**Exercise requirements**
Repeat, word for word and with nothing added, each line from the one containing "Height / 10.2inches." to the final line of the data, keeping both ends. Pictures are not part of the copy.

**Information supplied**
------------
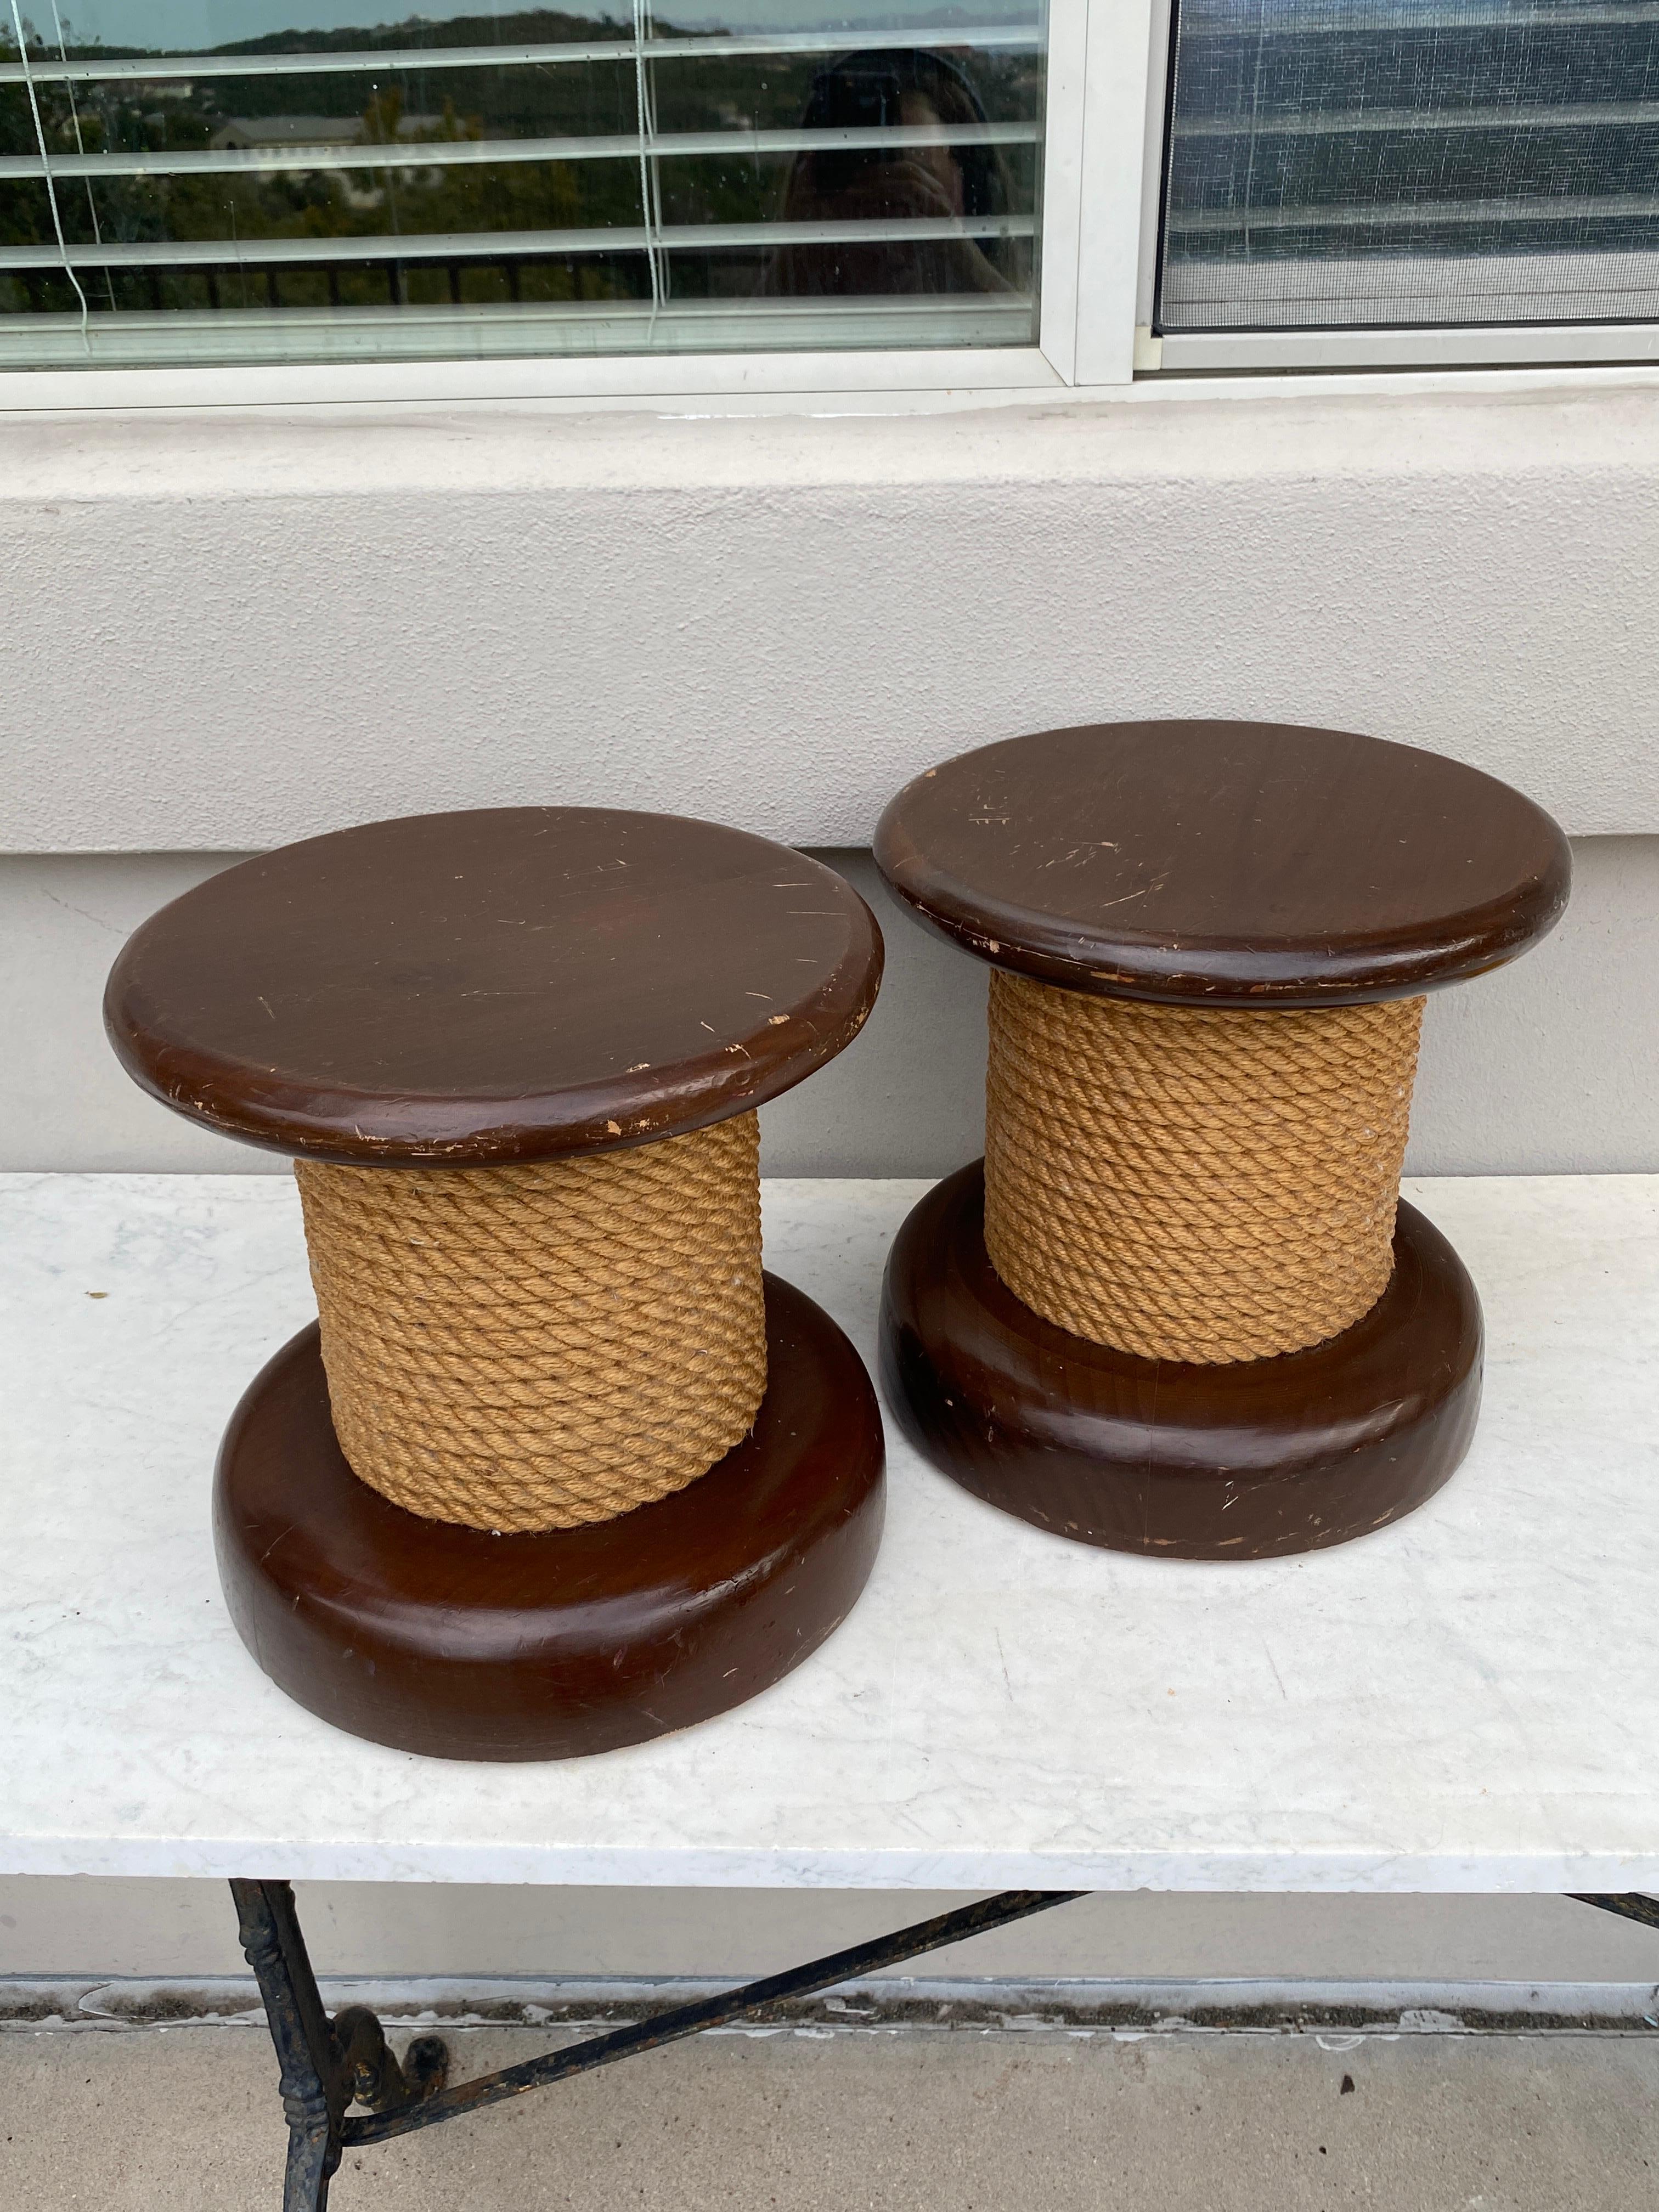 Pair of Audoux Minet rope stool with wood base.
Height / 10.2inches.
Diameter / 11 inches.
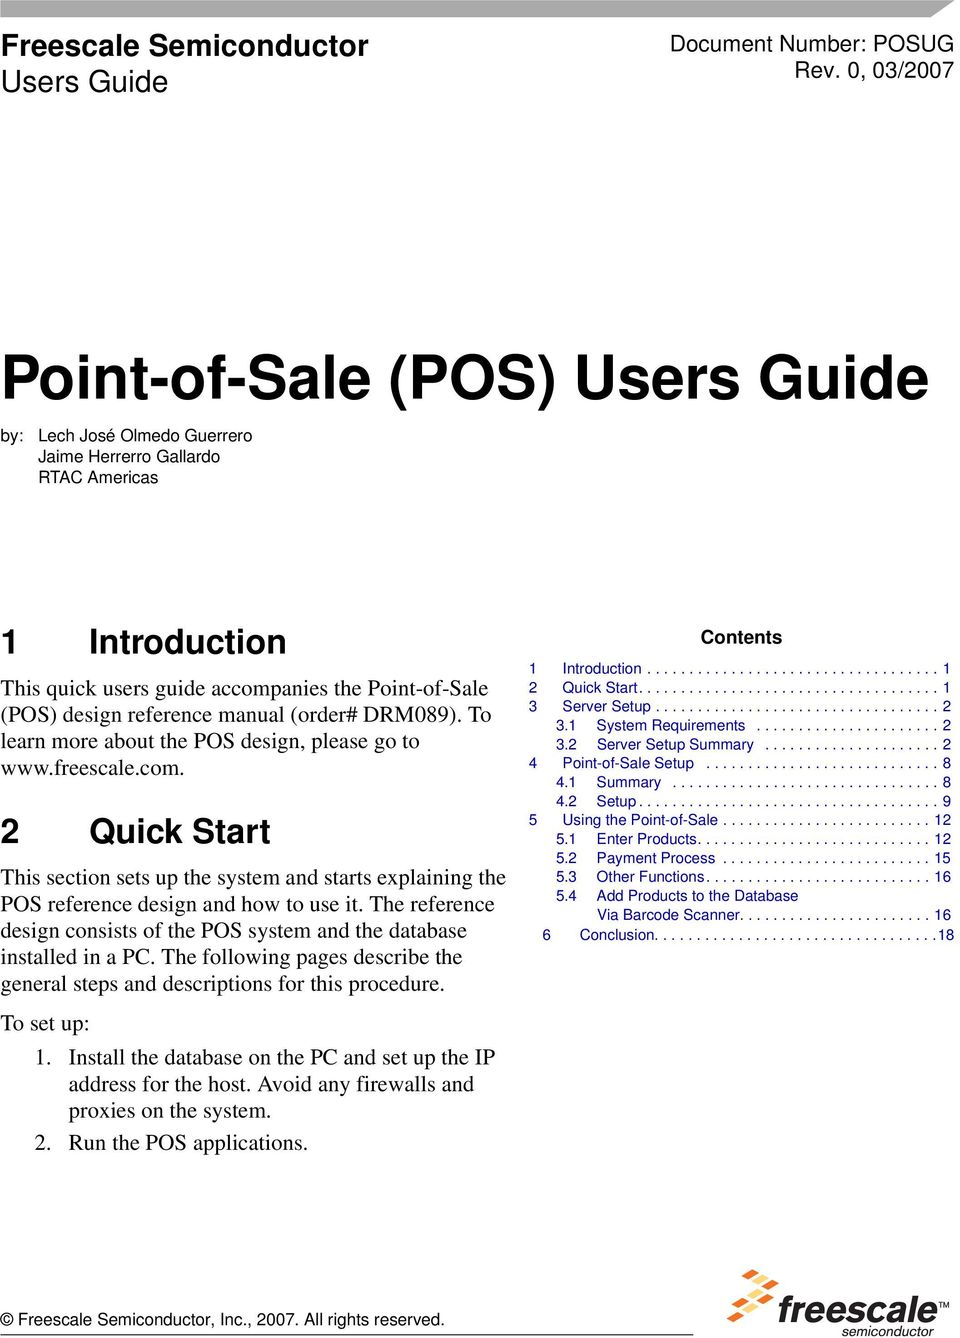 reference manual (order# DRM089). To learn more about the POS design, please go to www.freescale.com.
------------
**Exercise solution**
Height / 10.2inches.
Diameter / 11 inches.
 reference manual (order# DRM089). To learn more about the POS design, please go to www.freescale.com.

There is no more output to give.